Table 10 Assessing the effects of the SNX9 rs2025994 genotype on severe long COVID when controlling for the genotypes of the interacting SNPs rs6777173 (KLF15) and rs11072524 (RYR3)

KLF15 minor allele count	RYR3 minor allele count	SNX9 homozygous wild type odds (cases:controls)	SNX9 heterozygous odds (cases:controls)	EGA Odds ratio: SNX9 heterozygous vs. homozygous wild type (95% confidence interval)
0	0	0.46 (74:160)	0.89 (17:19)	1.93 (0.95–3.93)
0	1	2.48 (57:23)	0.70 (7:10)	0.28 (0.10–0.83)
1	0	0.43 (114:267)	0.28 (14:50)	0.66 (0.35–1.23)
1	1	0.63 (48:76)	0.24 (6:25)	0.38 (0.15–0.99)
2	0	0.66 (71:108)	0.21 (6:28)	0.33 (0.13–0.83)
2	1	0.49 (17:35)	0.38 (3:8)	0.77 (0.18–3.29)

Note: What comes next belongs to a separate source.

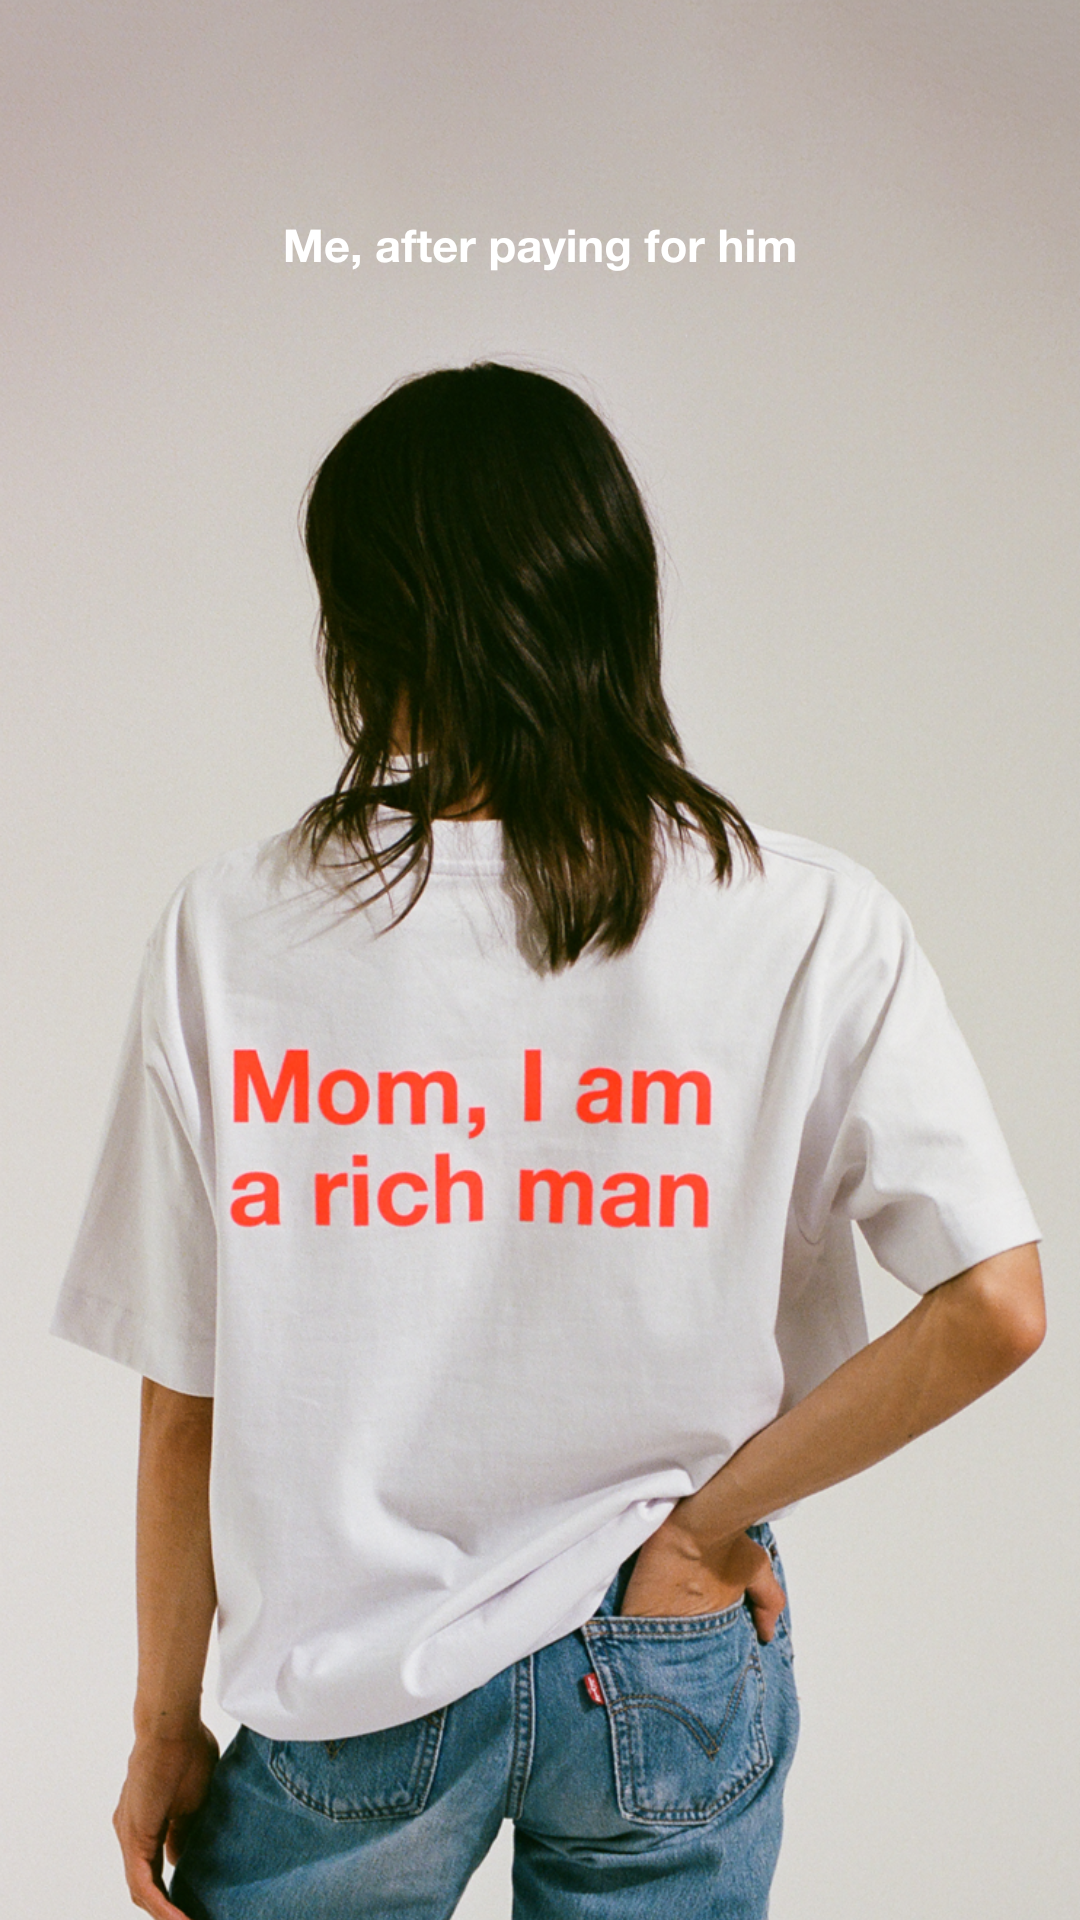 Mom, I am a rich man

We present comparisons for genotype combinations that are present in more than 10 patients (which excludes the 18 patients who are homozygous for the SNX9 minor allele). None of the EGA odds ratios for the individual comparisons are statistically significant after correcting for multiple testing. However, among patients who possess a copy of the minor allele at either interacting SNP, presence of the SNX9 minor allele consistently results in lower odds of disease relative to the homozygous wild type genotype (Fisher’s Exact Test p = 0.00047). Among patients who possess only wild type alleles for both interacting SNPs, presence of the SNX9 minor allele results in higher odds of disease relative to the homozygous wild type genotype, but the difference is not statistically significant (Fisher’s Exact Test p = 0.075)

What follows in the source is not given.